You are viewing a plain text version of this content. The canonical link for it is here.
Posted to issues@tez.apache.org by "Hitesh Shah (JIRA)" <ji...@apache.org> on 2015/04/25 01:16:38 UTC

[jira] [Commented] (TEZ-2368) Make the dag number available in Context classes

    [ https://issues.apache.org/jira/browse/TEZ-2368?page=com.atlassian.jira.plugin.system.issuetabpanels:comment-tabpanel&focusedCommentId=14511993#comment-14511993 ] 

Hitesh Shah commented on TEZ-2368:
----------------------------------

dag names are meant to be unique within a session. 

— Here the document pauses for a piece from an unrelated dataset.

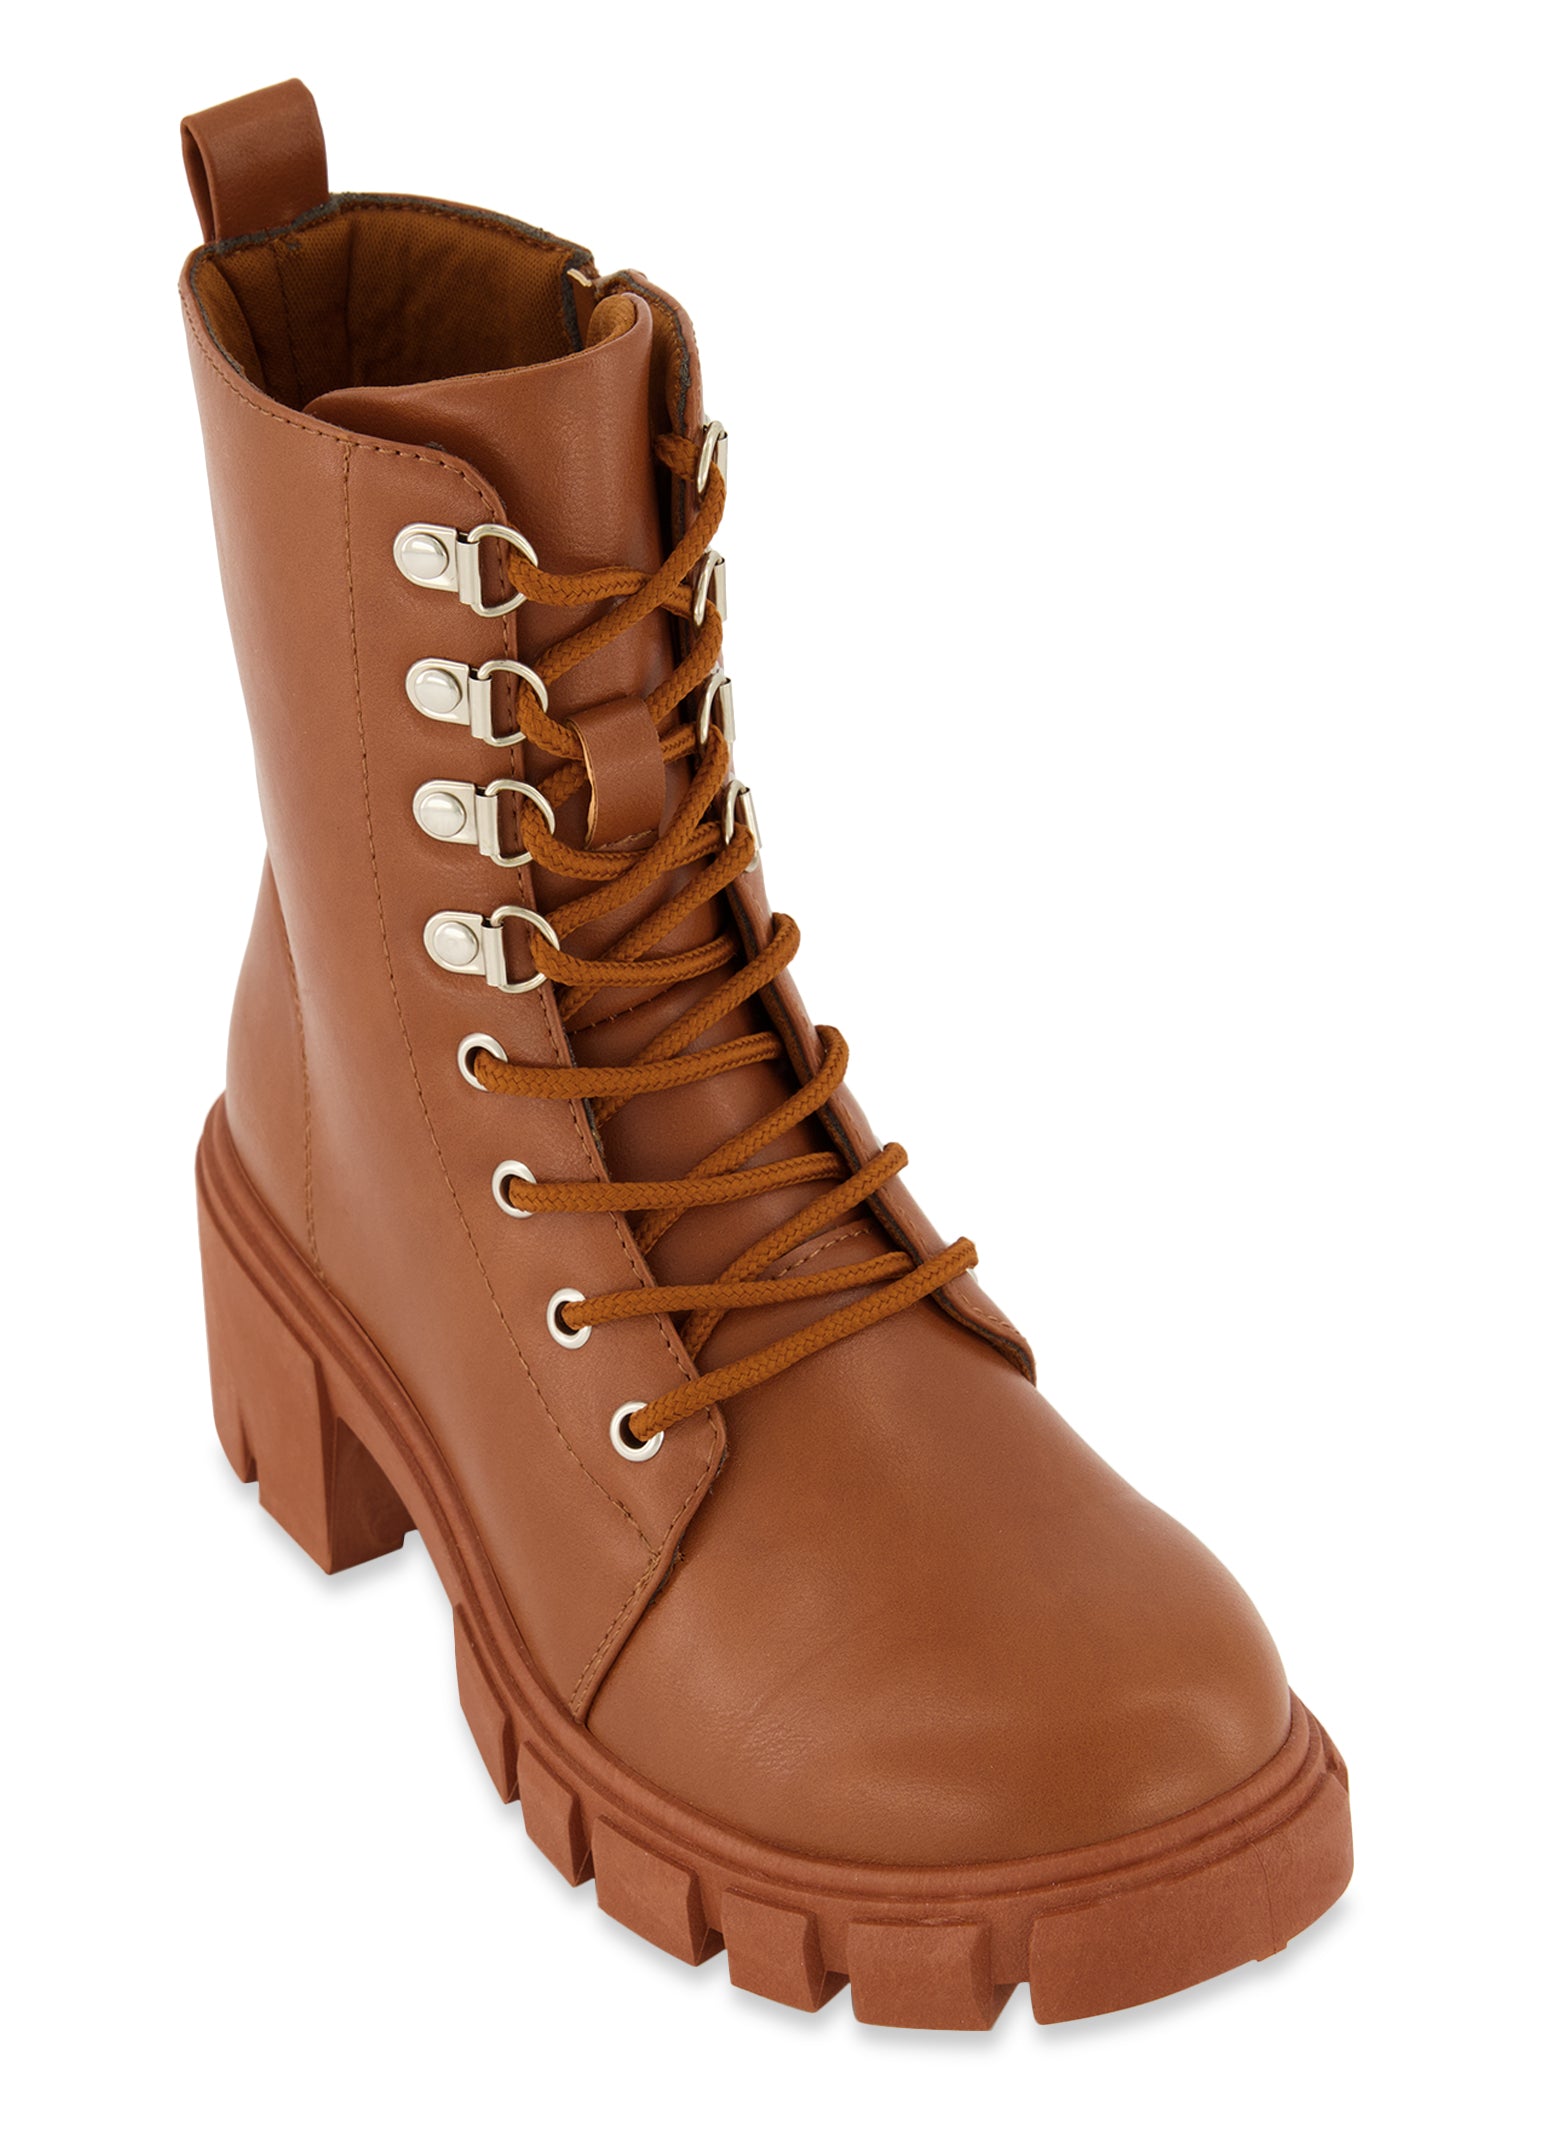 FP Collection Jones Lug Sole Lace Up Boots | The Summit at Fritz

> Make the dag number available in Context classes
> ------------------------------------------------
>
>                 Key: TEZ-2368
>                 URL: https://issues.apache.org/jira/browse/TEZ-2368
>             Project: Apache Tez
>          Issue Type: Improvement
>            Reporter: Siddharth Seth
>            Assignee: Siddharth Seth
>
> Provide the dag number, which is a unique number, for each dag running within an application in the TezInputContext, TezOutputContext, TezProcessorContext.
> When containers are re-used, or for external services, this can be used to generate intermediate data to a dag specific directory instead of an application specific directory, where it becomes difficult to differentiate between different dags.
> The DAG name does provide this - but is not suitable for use in a directory name. Hashing the name is an option, but can lead to collisions.
> Generating data into a dag specific directory will eventually only be usable when we move away from the default MR handler, or enhance it to support an additional parameter.



--
This message was sent by Atlassian JIRA
(v6.3.4#6332)